When the Guardian tailed One Direction around the US in 2012, we compared the scenes of fan hysteria to Beatlemania. Five years on, the British boy band have now equalled the Fab Four’s once seemingly unassailable record of having three members rack up US No 1 solo albums.
Being dubbed “Radio 2 filler” by the Guardian hasn’t stopped Niall Horan’s Flicker joining Zayn Malik and Harry Styles’s earlier US chart-topping debuts, matching George Harrison, Paul McCartney and John Lennon’s solo No 1s in the 1970s.
Alarmingly for the surviving Fabs, this is not the first time that modern acts have challenged their once vice-like chart domination. In 2000, Irish popsters Westlife’s otherwise forgotten My Love single became a record-breaking seventh British chart-topper in a row. Other longstanding Beatles records have fallen to everyone from Justin Bieber (most songs in the US top 100 – 17) to the cast of Glee, who in 2010 notched up more US top 100 hit singles than any other non-solo act (75, to the Beatles’ 72). Rihanna’s singles have spent most weeks at the US No 1 (60, to the Liverpool quartet’s 59).
Equally serious damage has been done by the modern pop phenomenons of Adele and One Direction. Adele has matched the Fabs’ feat of two singles and top albums in the UK top five, and done the same in the US charts (as has rapper 50 Cent).
Meanwhile, in 2012, 1D became the first British group to enter the US charts at No 1 with their debut, besting the Beatles’ US-only Introducing … the Beatles, a first-week No 4 in 1964. Salt was rubbed in that wound when One Direction’s 2015 single Perfect became their fifth consecutive new entry in the US Top 10 (beating the Fabs’ four).

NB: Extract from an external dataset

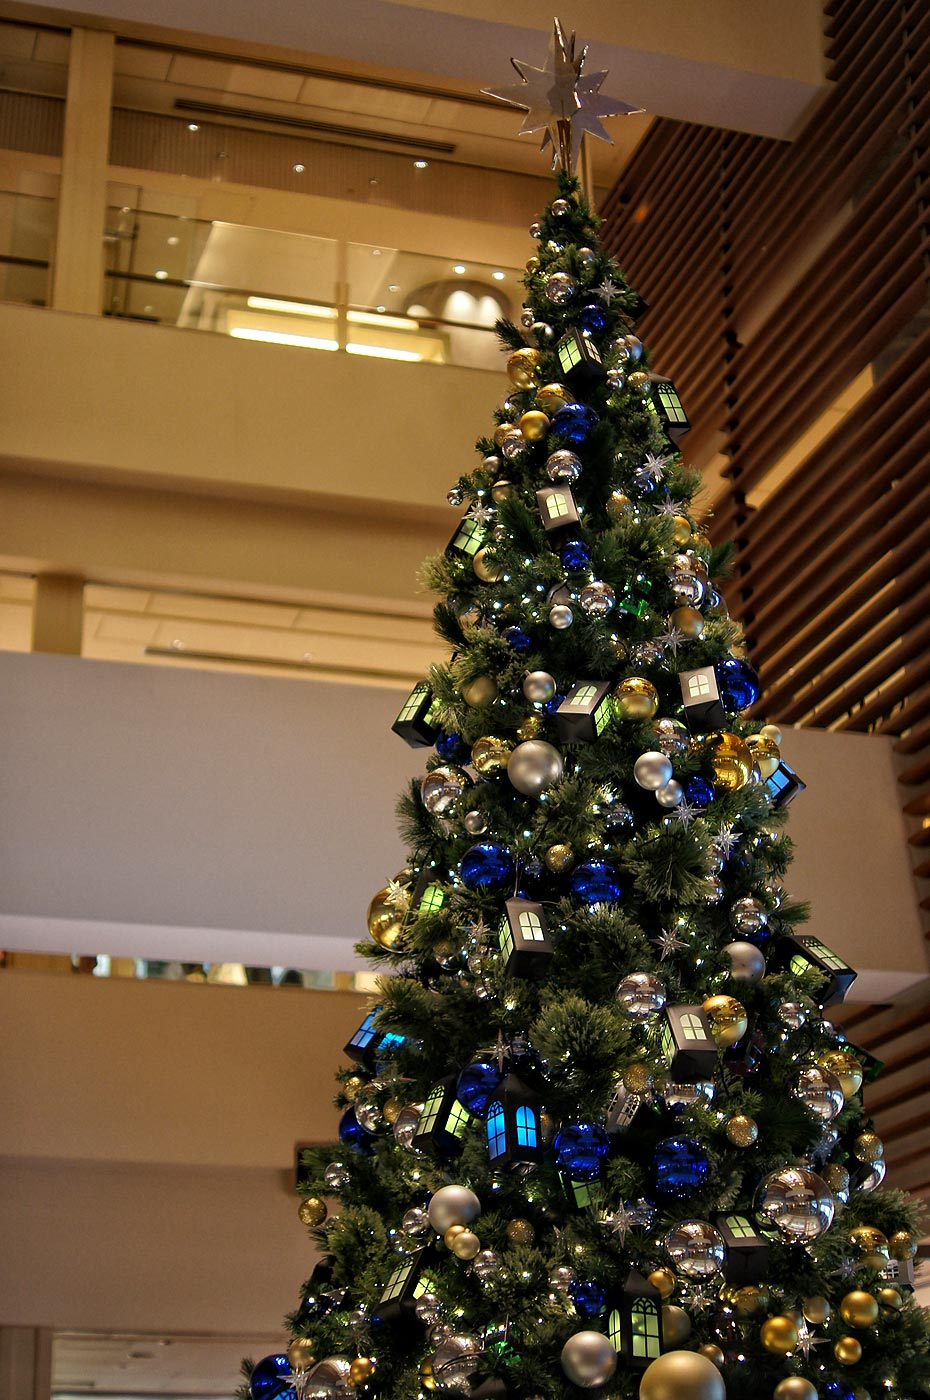 Christmas tree_e0216133_0121034.jpg
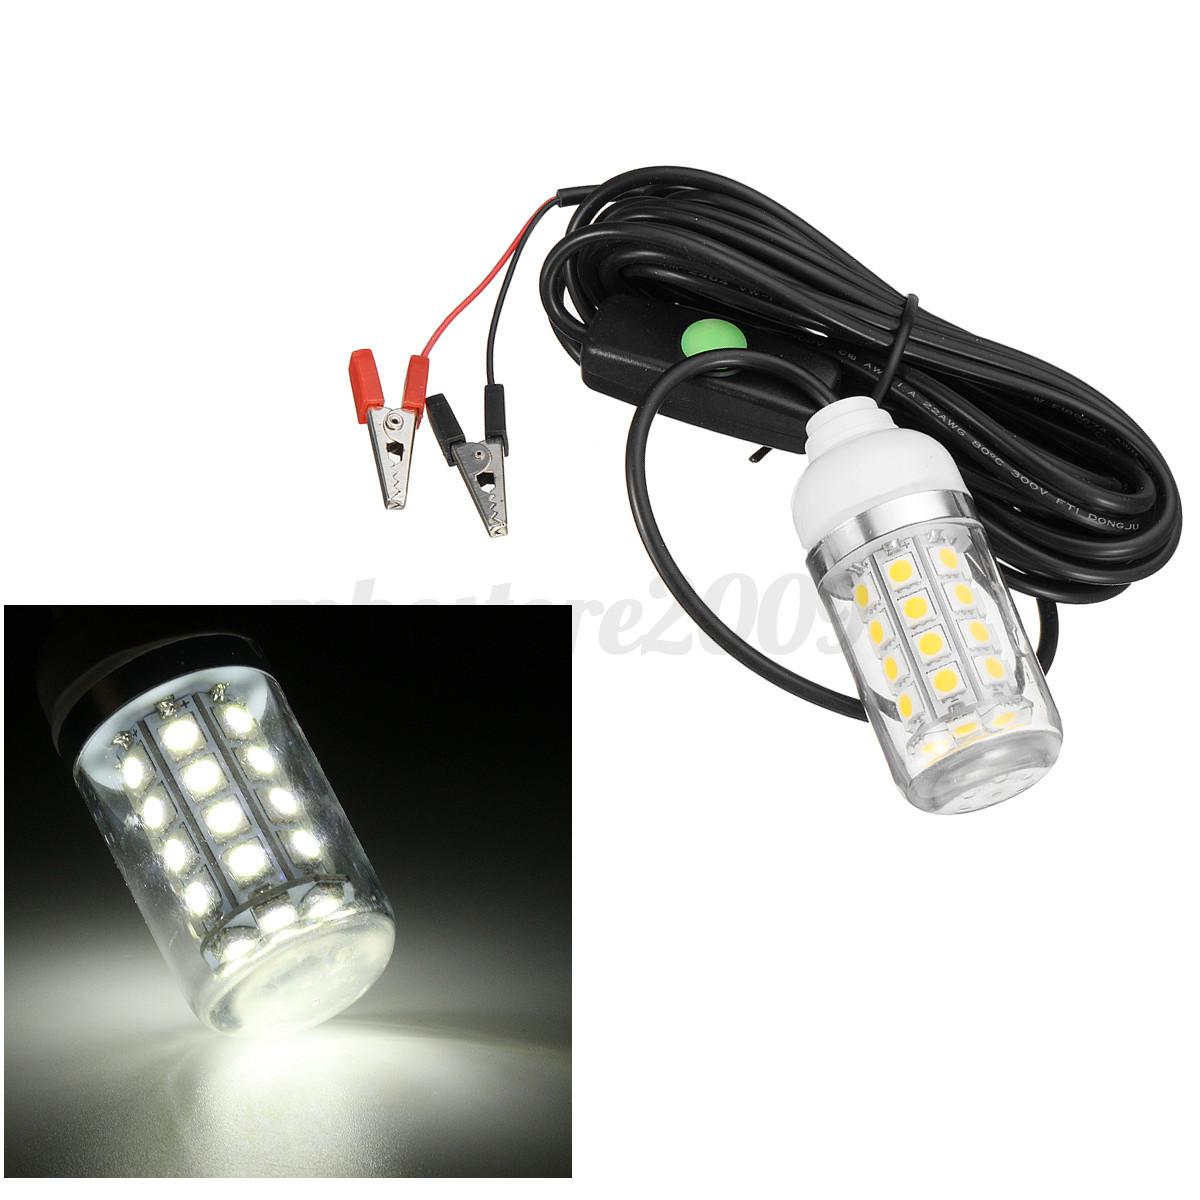 12v 36 led underwater submersible night fishing light shad for Underwater led fishing lights

Still, should McCartney and Ringo Starr cry into their beer, the Beatles still have some two dozen entries in the Guinness World Records, and their particularly astonishing 1964 feat of sweeping the entire US top five singles chart has never been repeated. Meanwhile, with 270.8m certified sales, they are still comfortably the biggest-selling music artists of all time, while those cheeky 1D upstarts are yet to figure in the top 50.